Tassels chopped down a number of saplings and, constructing a frame which he covered with coconut leaves fetched down by Stanley, he built a bedroom on the sand while I cleaned the fish as my not very effectual contribution to our camp. We cooked it on an open fire, ate it with some sweet potatoes packed by Ellen and washed it all down with coconut milk.
Stanley and Small Small Tome fell instantly and deeply asleep. Tassels and I chatted quietly about the coming day and smoked one of his head-numbing cigarettes, cut from his stick of gooey black tobacco and rolled in a bit of exercise-book paper, which he had somehow preserved from our drenching. Gazing out across the Pacific, the ticking in my head slowed. I had been wrong. There was no need to be in a rush – ever.
As the last embers of the fire blacked out one by one, I lay down, tucking my life jacket behind my head, and closed my eyes.
Ten minutes later in they came, low over the water, hundreds of them, wave after wave, all coming directly for me, their high-pitched whine a forewarning of the impending attack – mosquitoes like MIG fighters. Their meat-seeking equipment was finely tuned and, unerringly, they found their target. With a degree of satisfaction I splatted the first one that buried its hooter into my leg. In the moonlight I could see the dark stain of blood – mine most probably – but soon the onslaught was too great. Their presence at night was nothing new but without the bomb-shelter protection of my net I was at their mercy. Abandoning as impractical a passing thought that I might, as this was an emergency, inflate my buoyancy aid and spend the night bobbing in the protection of the sea, I decided that there was nothing for it but to cover as much bare flesh as possible with the few articles of clothing I had brought with me. It seemed to me deeply unfair as I stumbled around in the dark – morally wrong in fact – that this blitzkrieg was concentrated entirely on me. My companions slept on miraculously unscathed.

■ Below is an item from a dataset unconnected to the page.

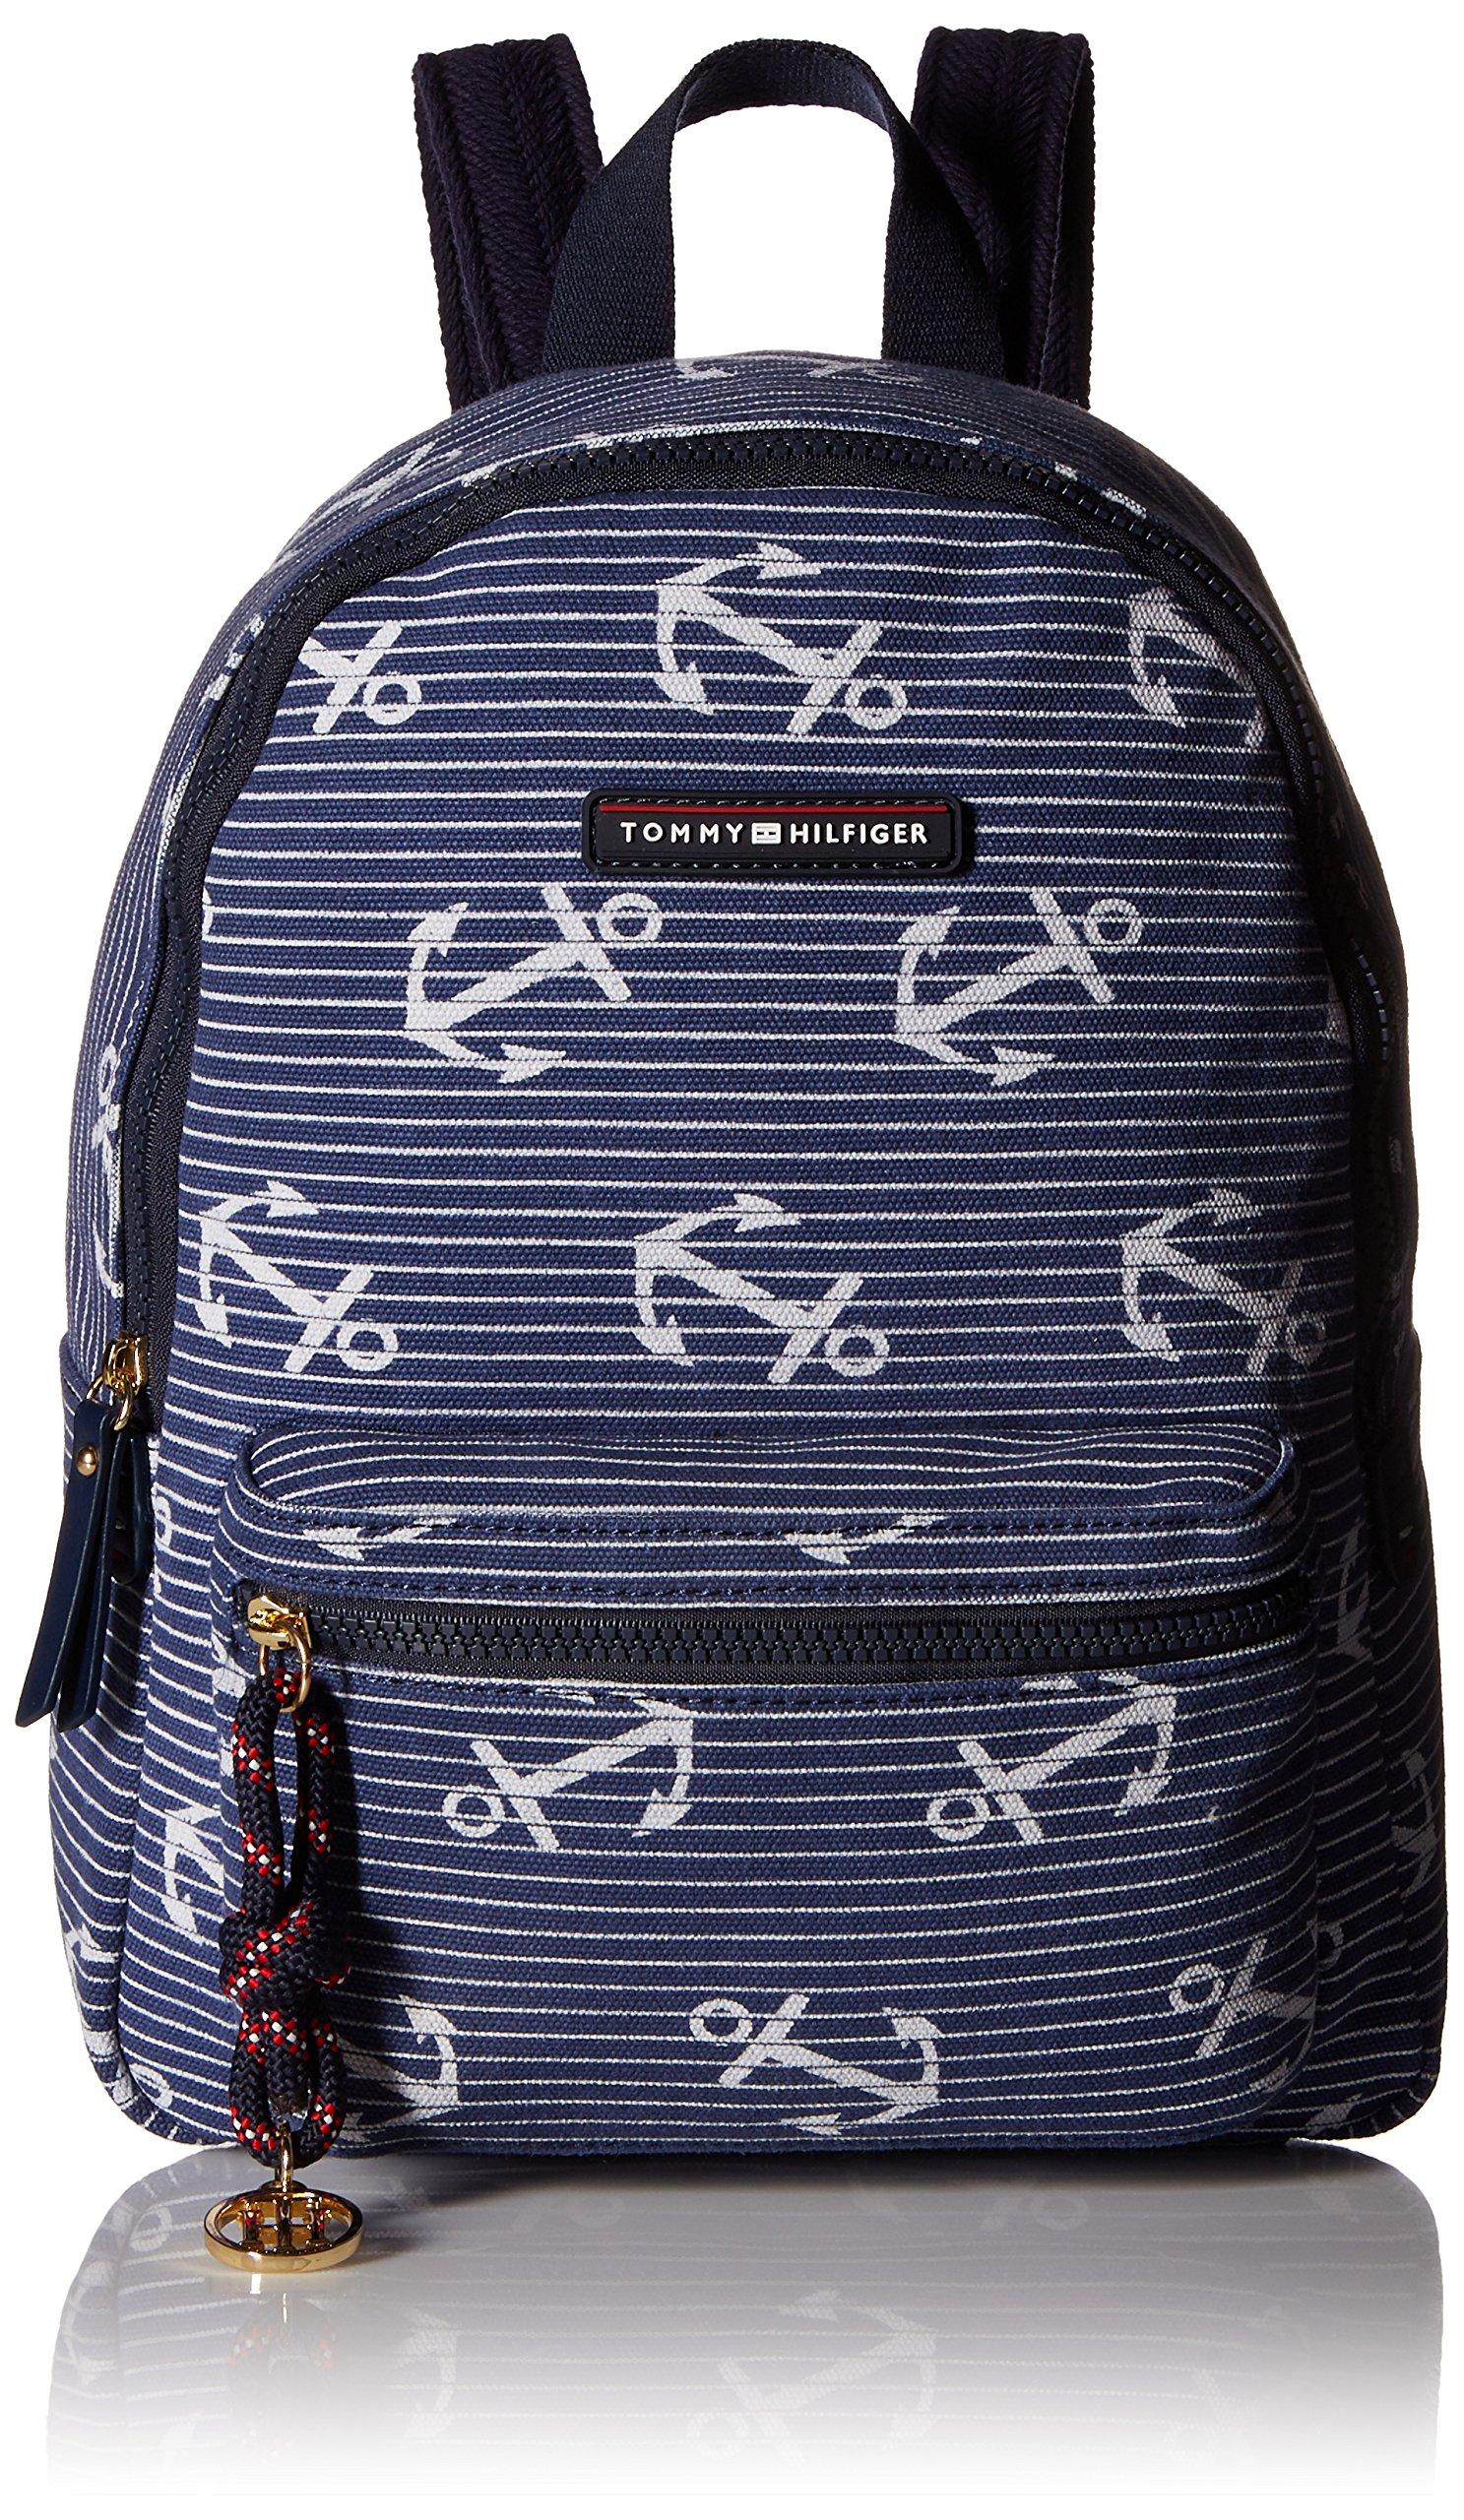 Tommy Hilfiger Backpack Dariana, Navy/White

Anyway, with a spare pair of shorts on my head and my legs and arms wrapped in my plastic anorak I tried to get some sleep. As I drifted off, I smiled contentedly. All the curious jigsaw pieces that had brought me to where I was lying now were starting to fall into place; all those pieces of sterile information I had been given before I left were developing resonance and hue as the full picture assembled.
I remembered the inconclusive meeting that I’d had with Charles and Juliet prior to my departure. Then I had had no idea what I would do to fulfil the Commander’s intentions but now, of course, I had an excellent plan and tomorrow we were going to take the first step towards putting it into action. I felt a tingle of excitement and a painful sting on the top edge of my right ear. I readjusted my shorts.